Paris, 5 septembre 1856

Mon cher Walewski,

Vous ne pouvez être dans l’ignorance de l’état où je se trouve ma santé ; déjà j’ai essayé bien des moyens pour la recouvrer, mais rien ne m’a encore réussi. Les meilleurs médecins de Paris se rencontrent d’accord pour m’envoyer passer peut-être un long temps hors de France dans des climats chauds. Mes enfants, c’est-à-dire l’amour que j’ai pour eux me donne la force de vouloir absolument me guérir ; leur bonheur ne quittant point ma pensée, j’ai songé mûrement et sagement à leurs intérêts pendant mon absence qui peut se prolonger au delà de quelques années peut-être (c’est le docteur Sages qui le dit).

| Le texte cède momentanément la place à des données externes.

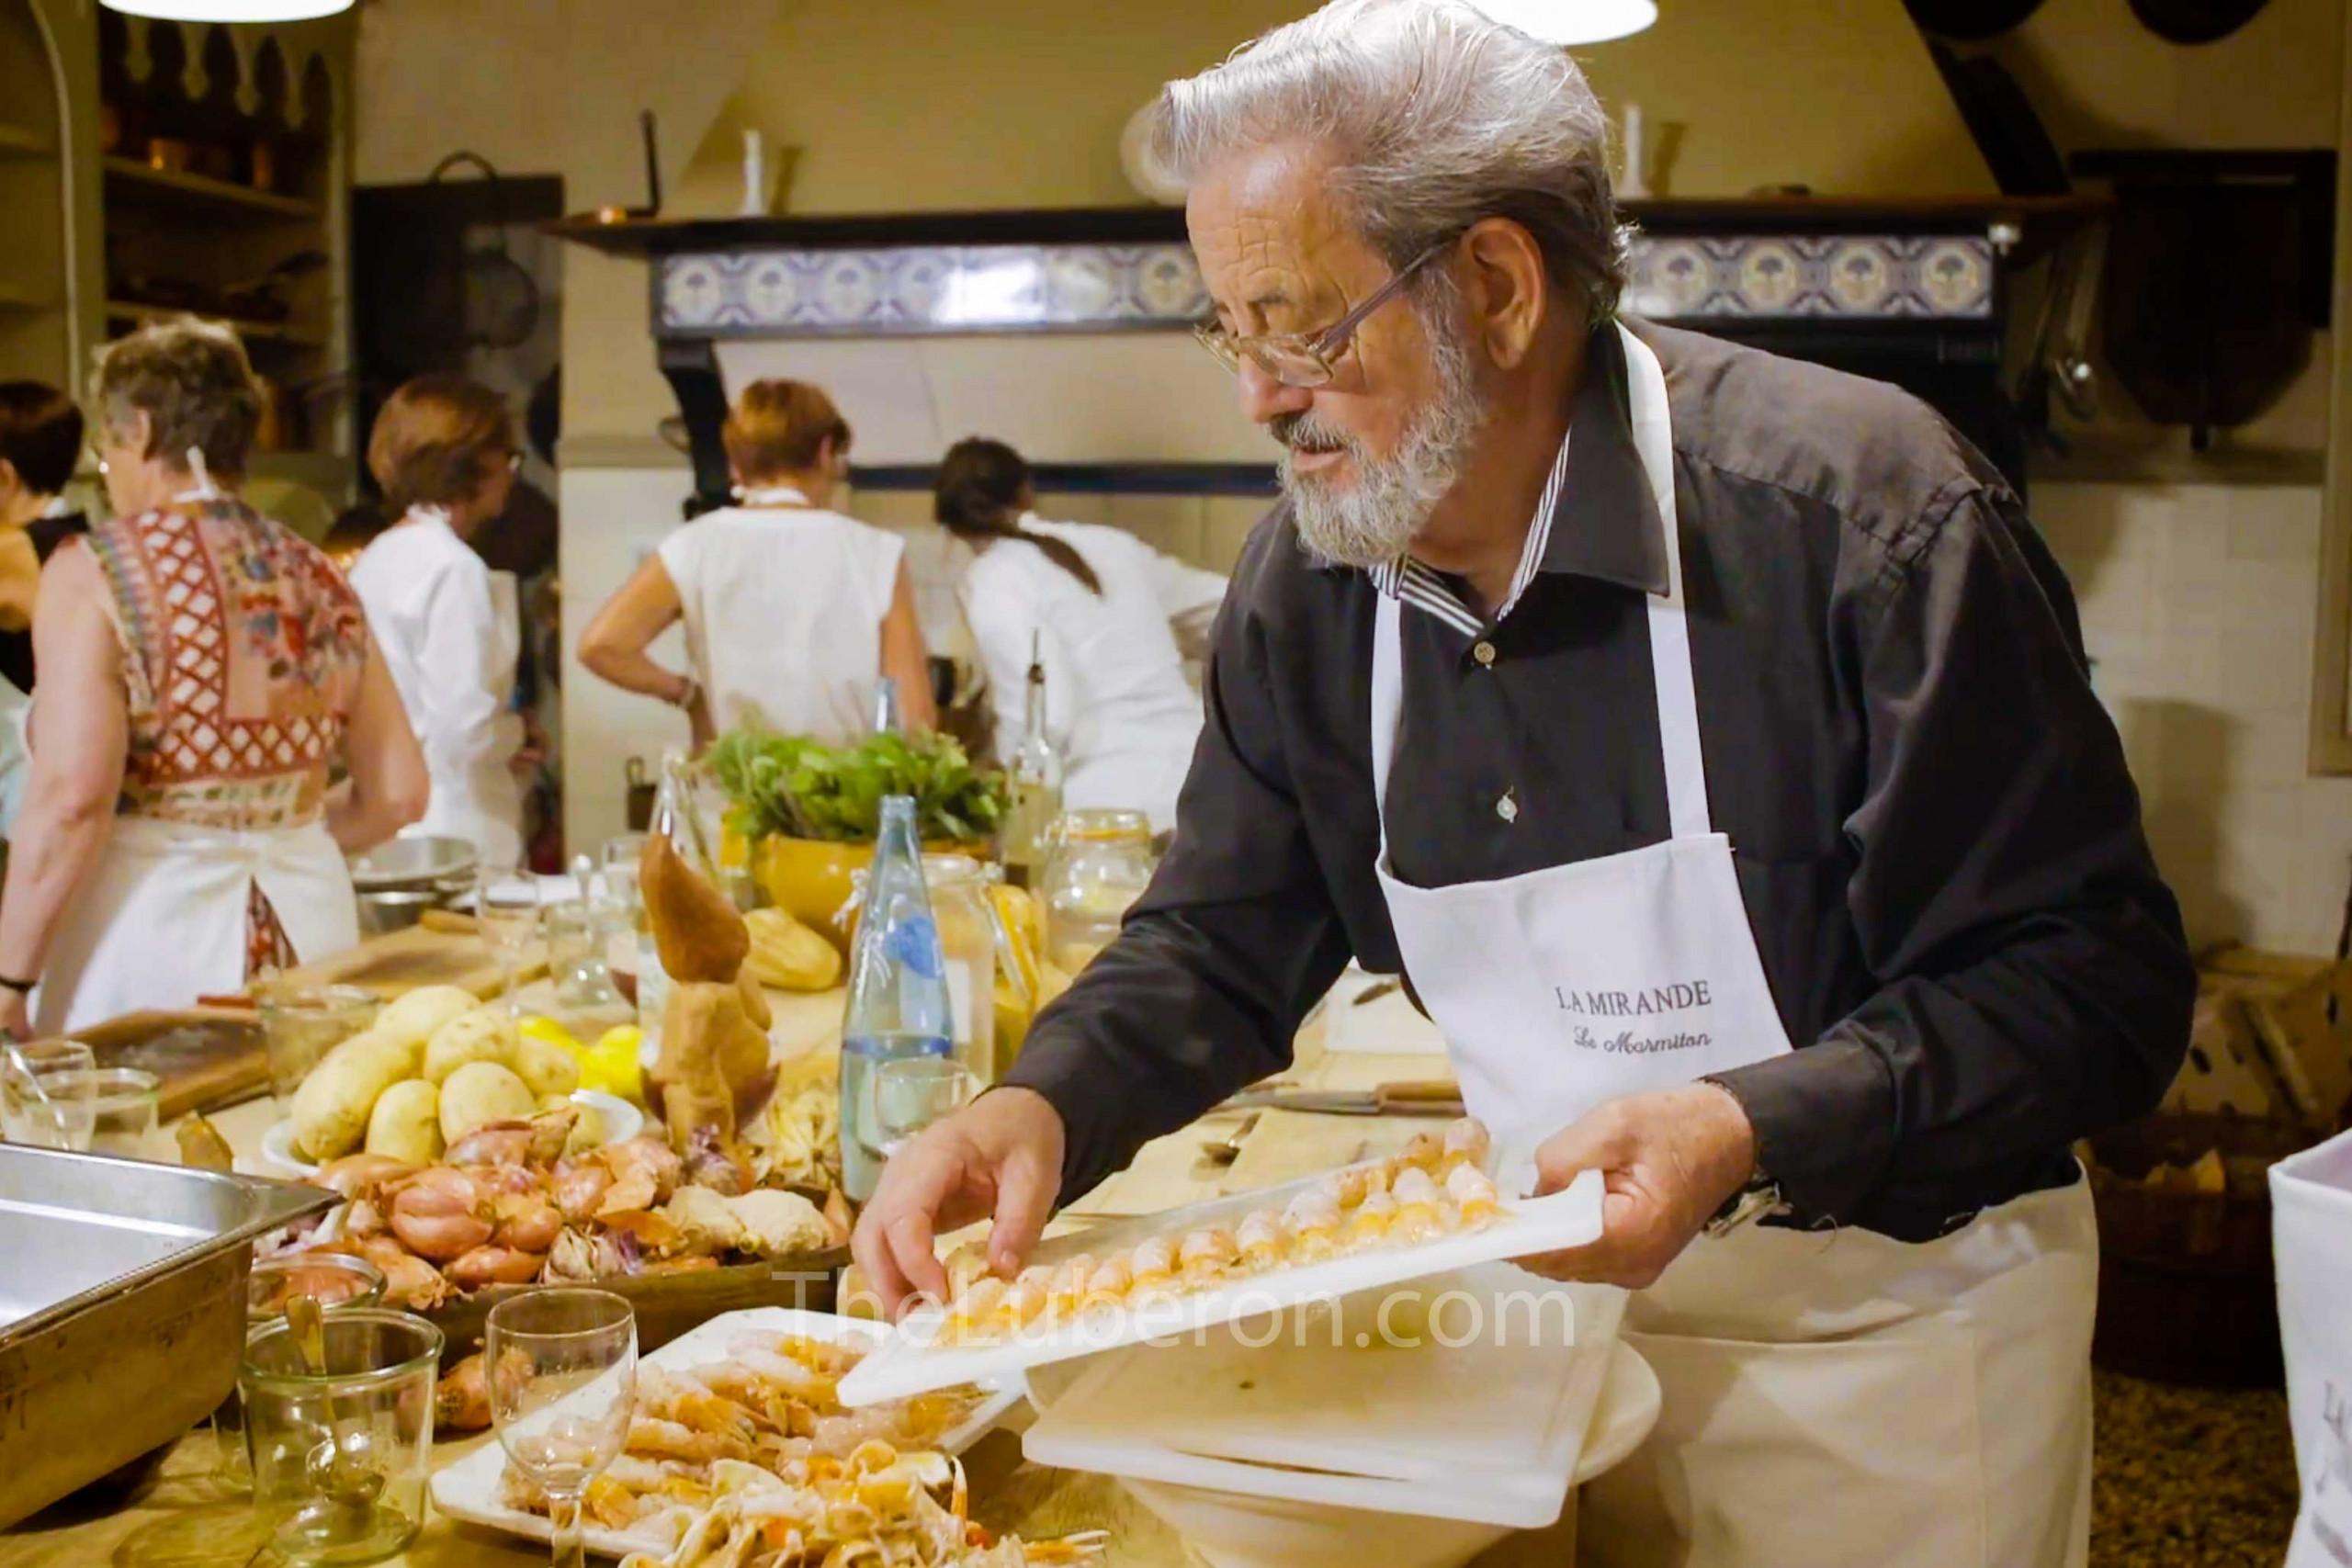 La Mirande cookery course

Mettant un ordre minutieux dans  ma fortune, qui appartient à mes fils je souhaiterais vivement causer quelques instants avec vous, mon cher Comte, de l’avenir d’Alexandre. Je ne doute point de votre approbation pour tout ce que m’inspirent mes sentiments vraiment maternels. Veuillez donc distraire quelques moments de votre temps précieux et me les consacrer au plus tôt chez moi rue Trudon.
Il fait si beau à la campagne que, dans l’intérêt de ma santé je souhaite ne rester à Paris que le moins possible ; j’y suis venue pour vous seul et j’attends avec impatience l’heure dont vous pourrez disposer demain samedi.